Work order – If pictures are present, leave them out, and copy the data word for word.
──────── Given information ────────
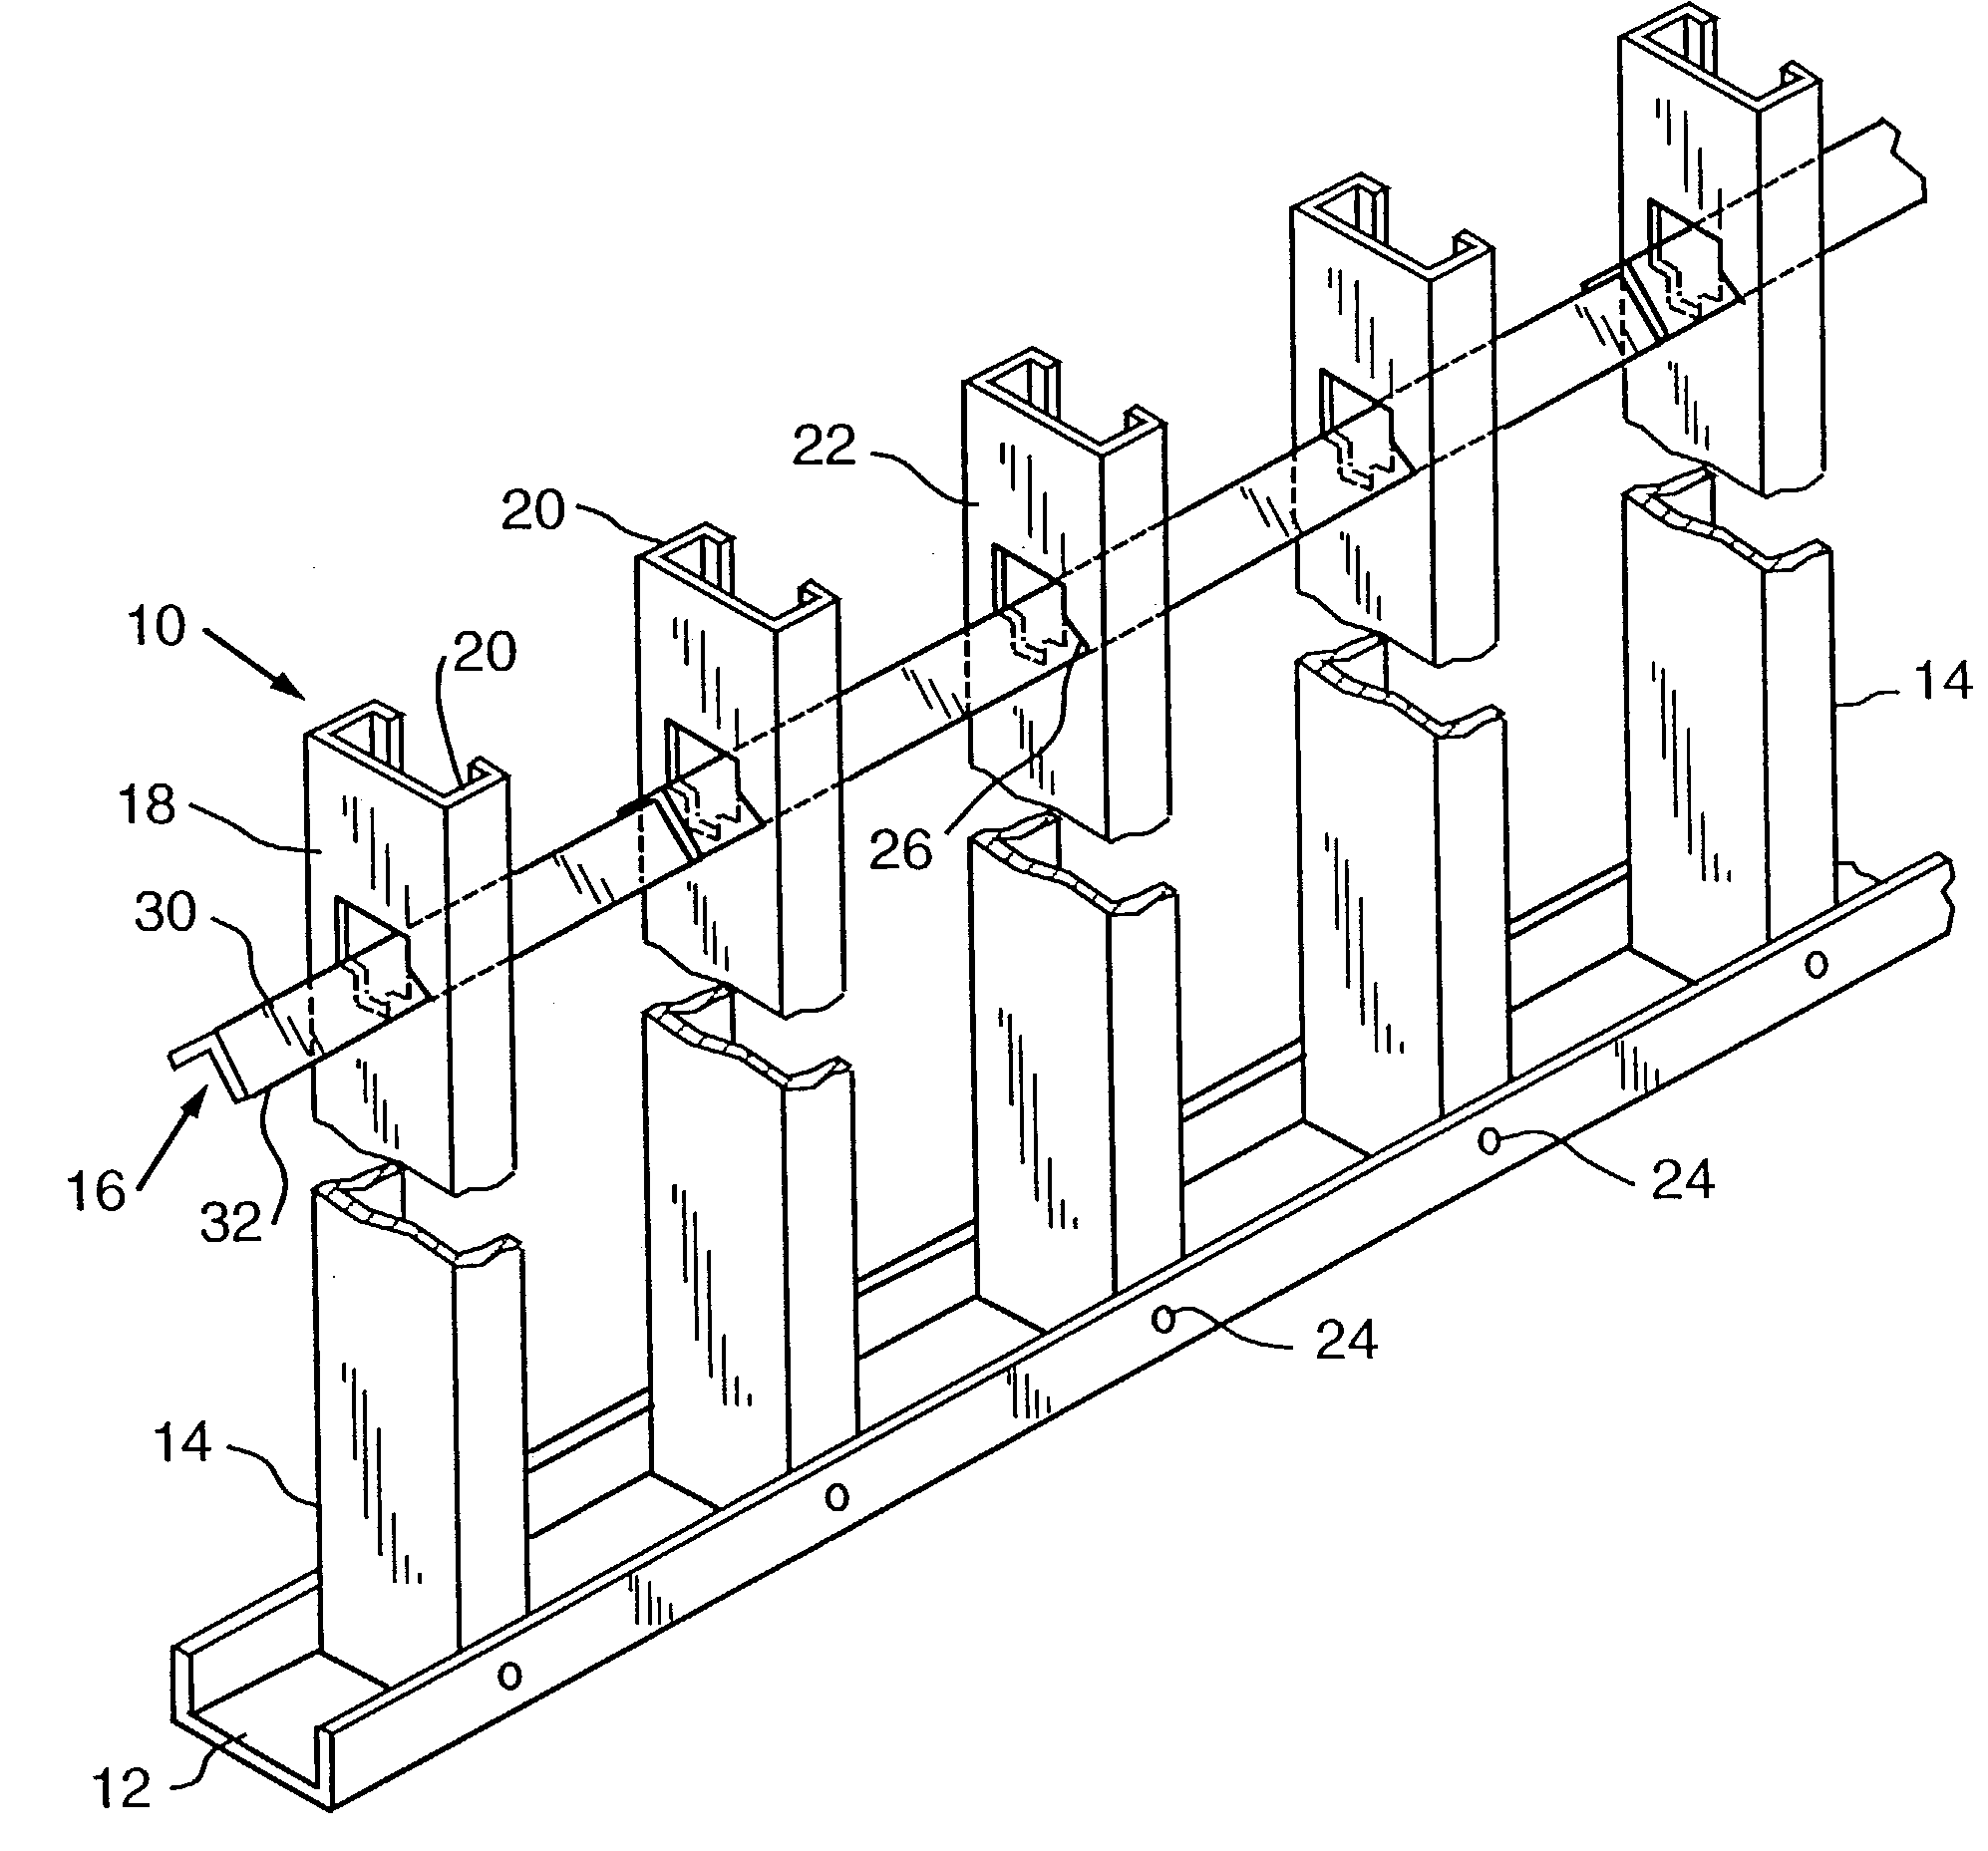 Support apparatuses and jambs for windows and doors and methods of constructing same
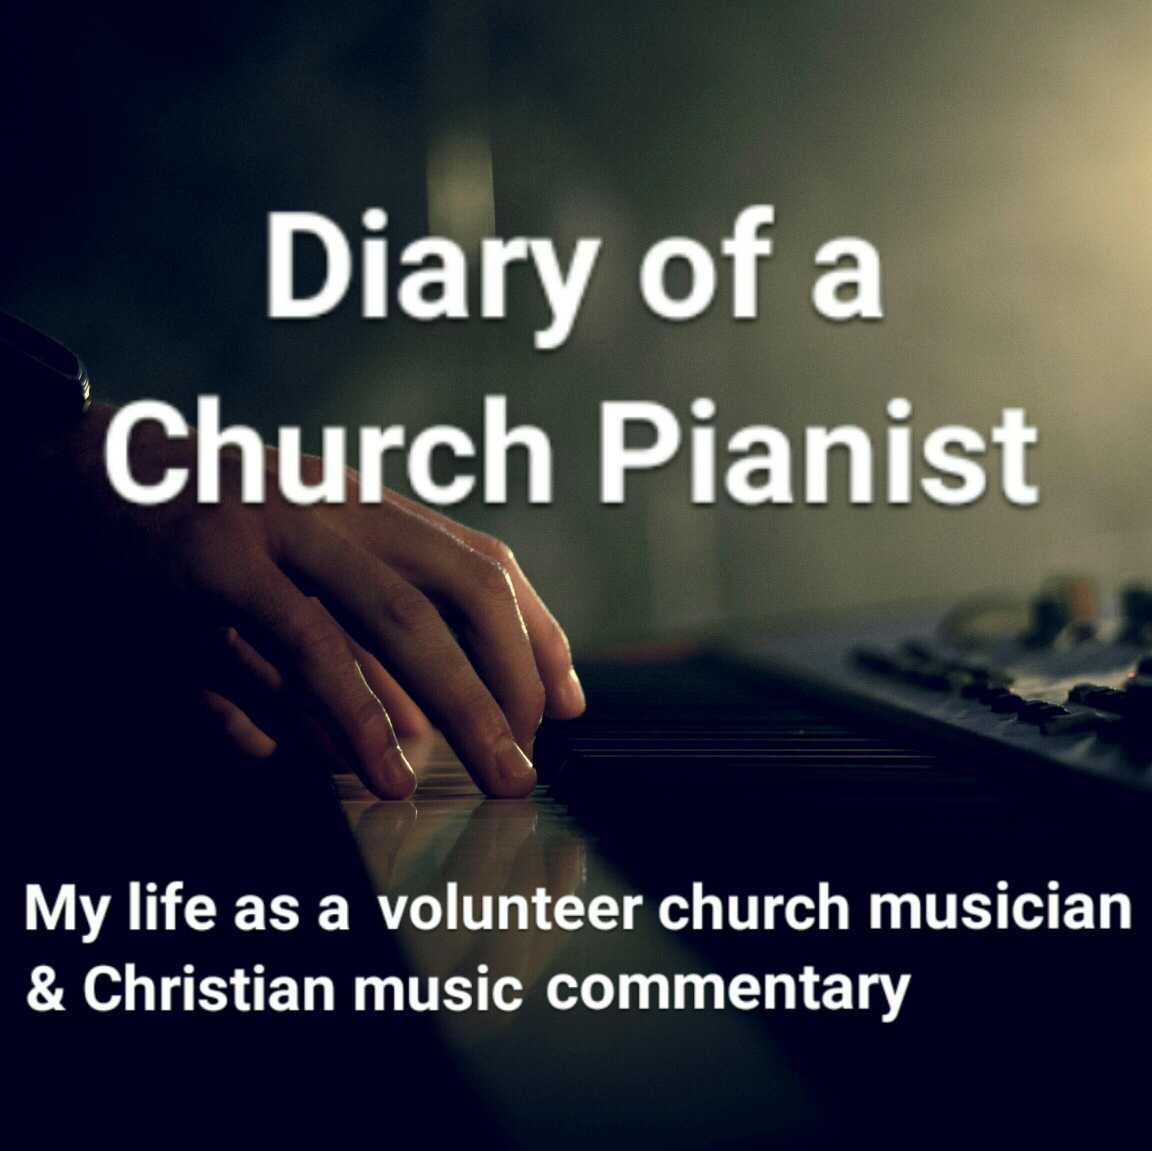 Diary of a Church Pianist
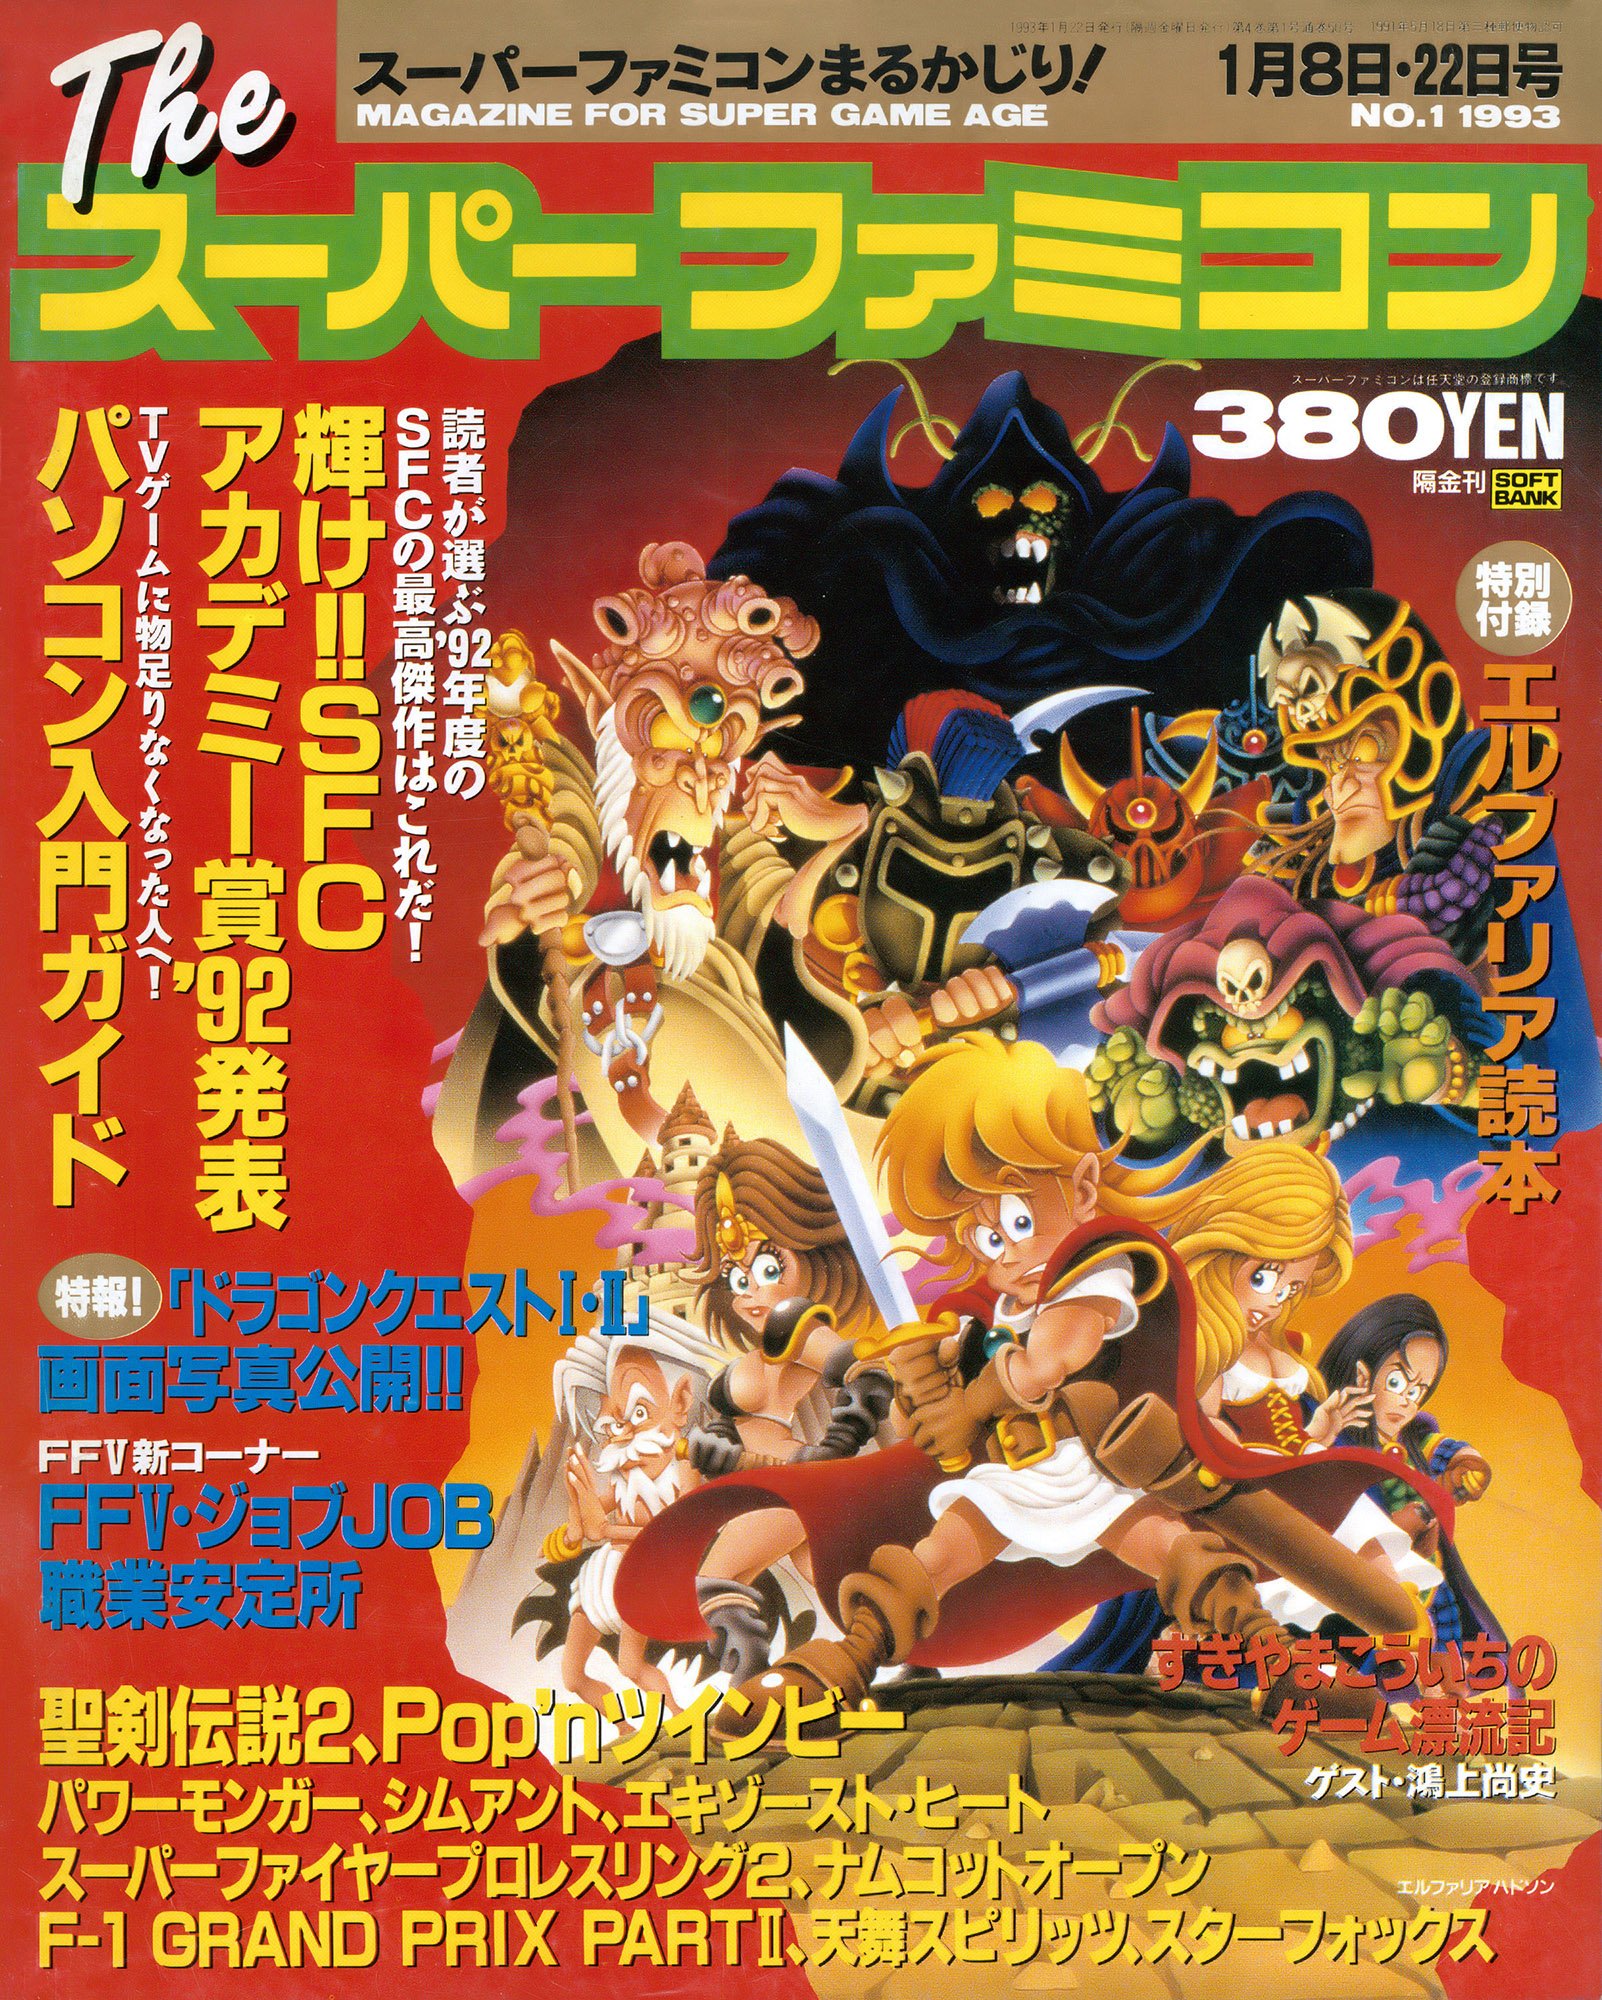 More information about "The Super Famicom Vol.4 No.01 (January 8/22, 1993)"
────────
Answer –
 Support apparatuses and jambs for windows and doors and methods of constructing same
 Diary of a Church Pianist
 More information about "The Super Famicom Vol.4 No.01 (January 8/22, 1993)"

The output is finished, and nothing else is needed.